* **REQUIREMENT**
Beginning with the line that includes "4 people smile", return every remaining line of the material exactly as it reads, but not the pictures.
── PROVIDED DATA ──
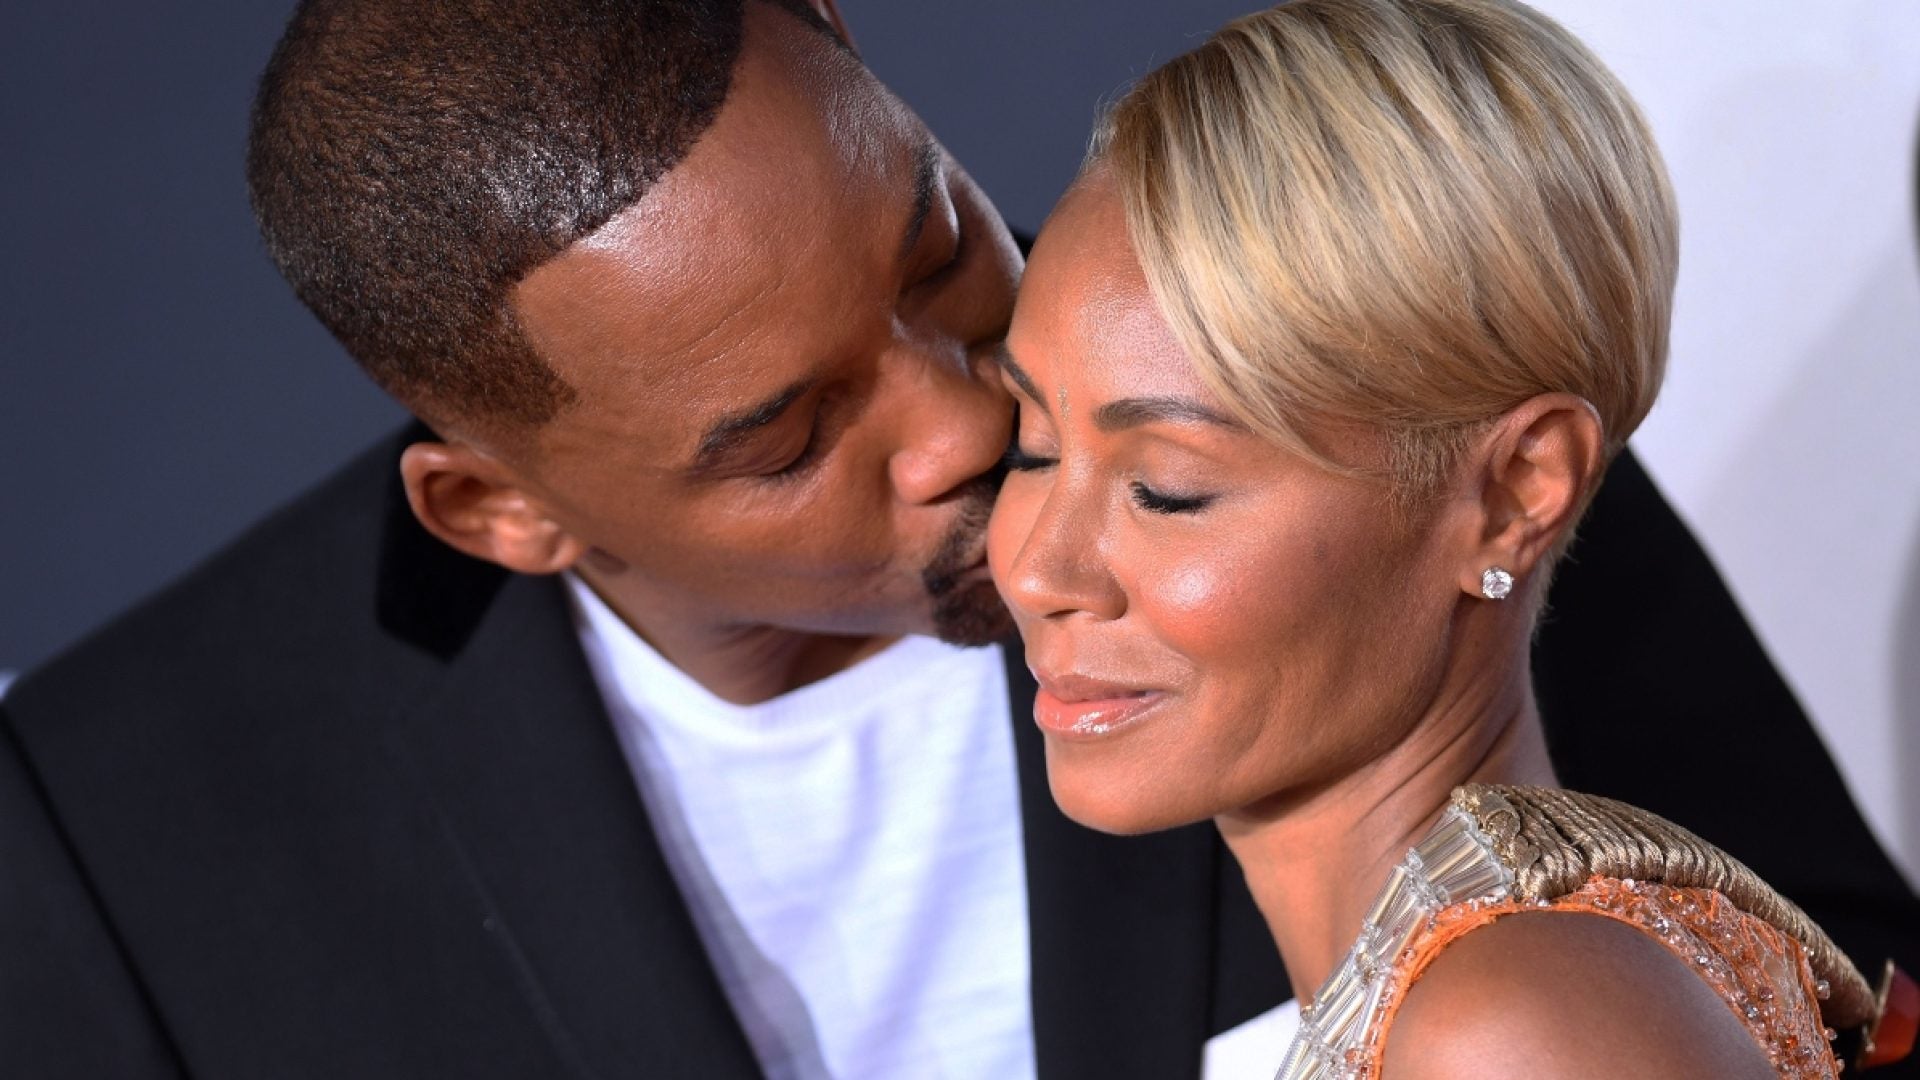 Why Are We Committed To Making Jada Pinkett Smith The Villain In Her Marriage?
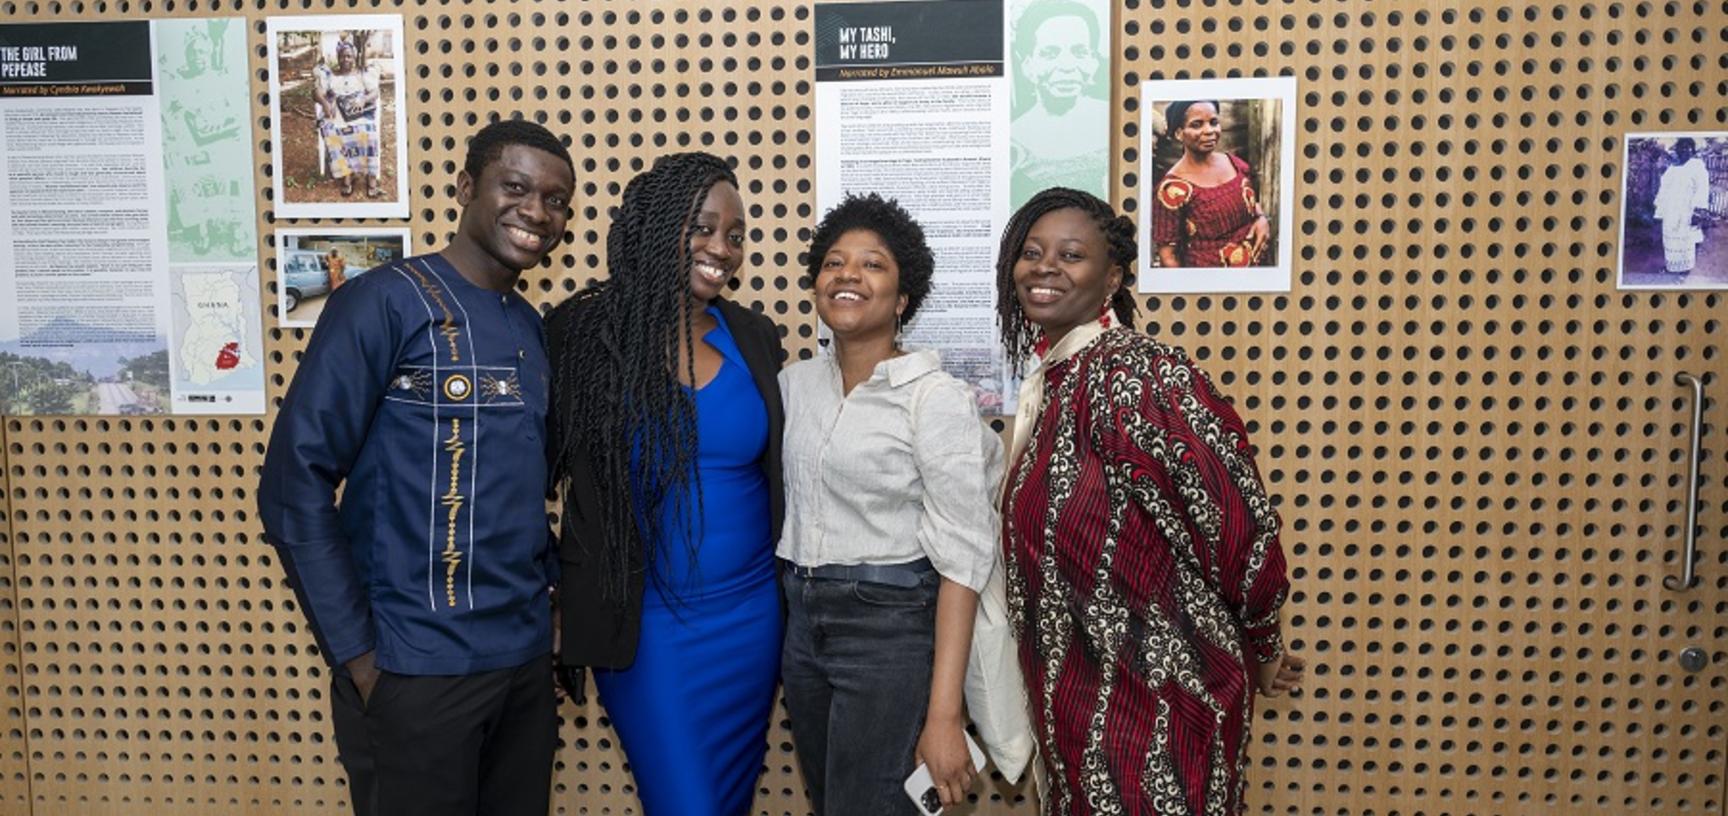 4 people smile at the camera in front of the poster exhibit
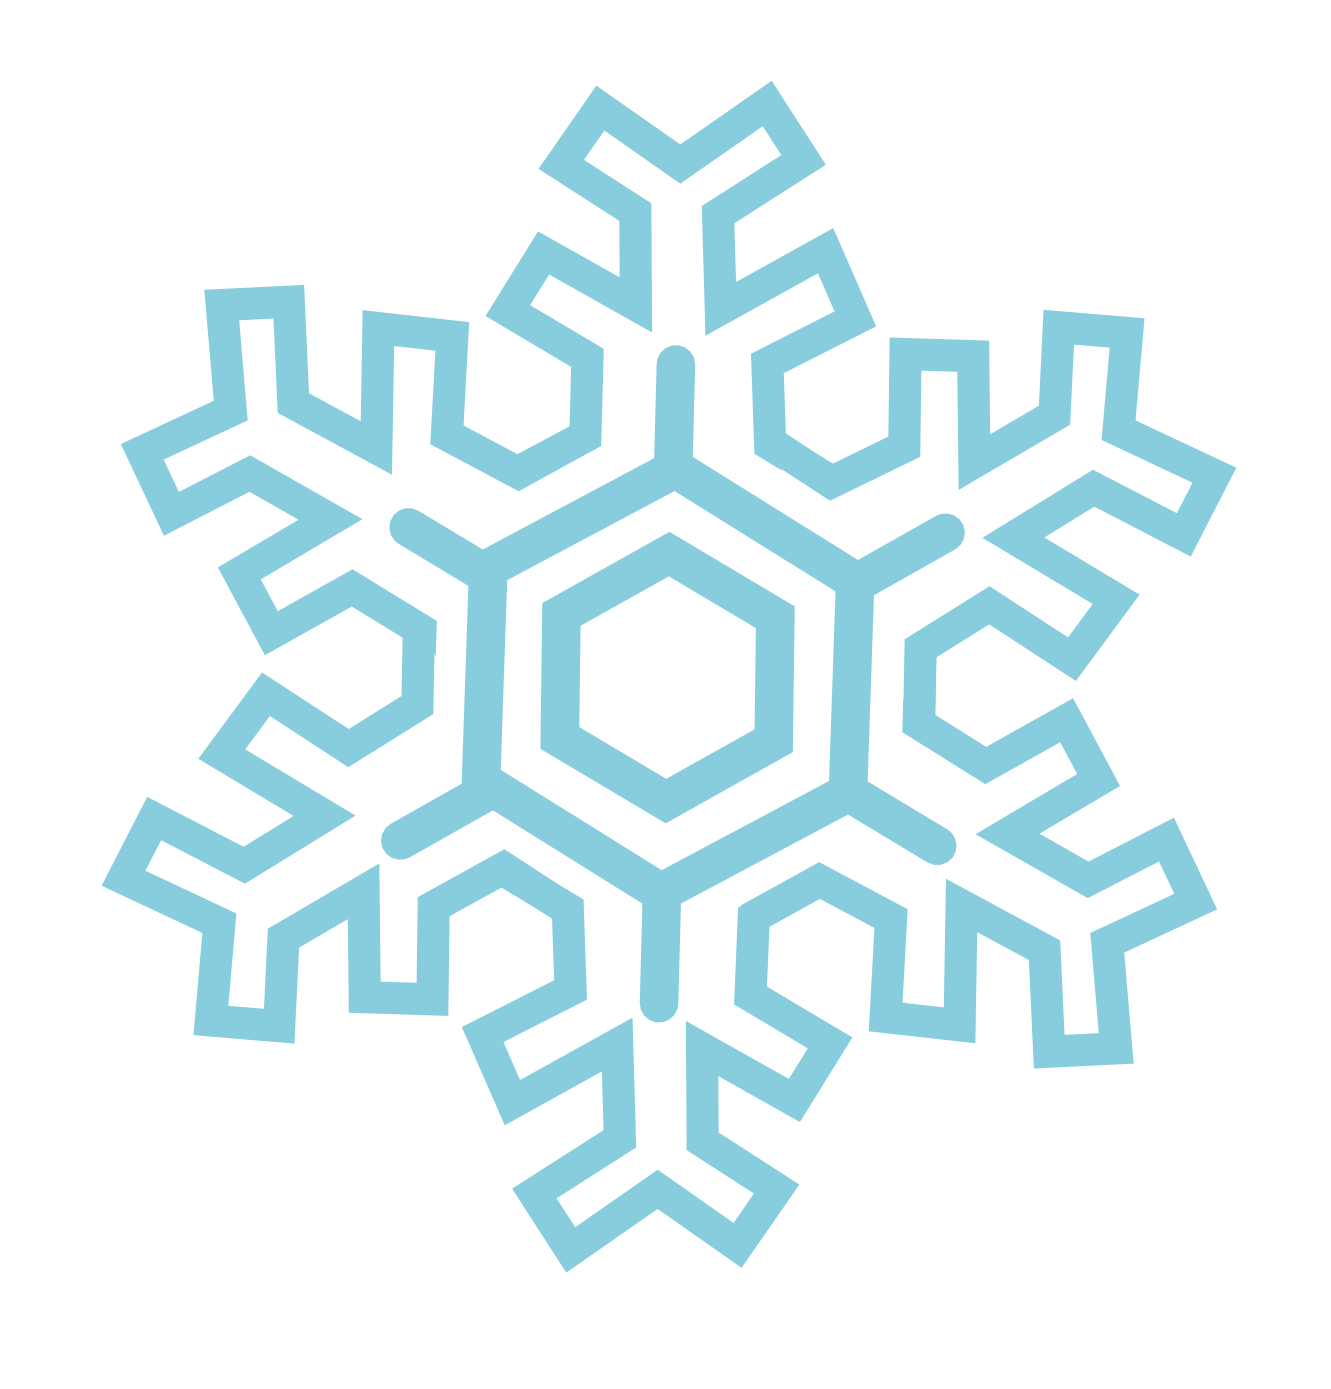 Clipart snowflake logo. Second pride in camp
───
* **SOLUTION FOR THIS TASK**
 4 people smile at the camera in front of the poster exhibit
 Clipart snowflake logo. Second pride in camp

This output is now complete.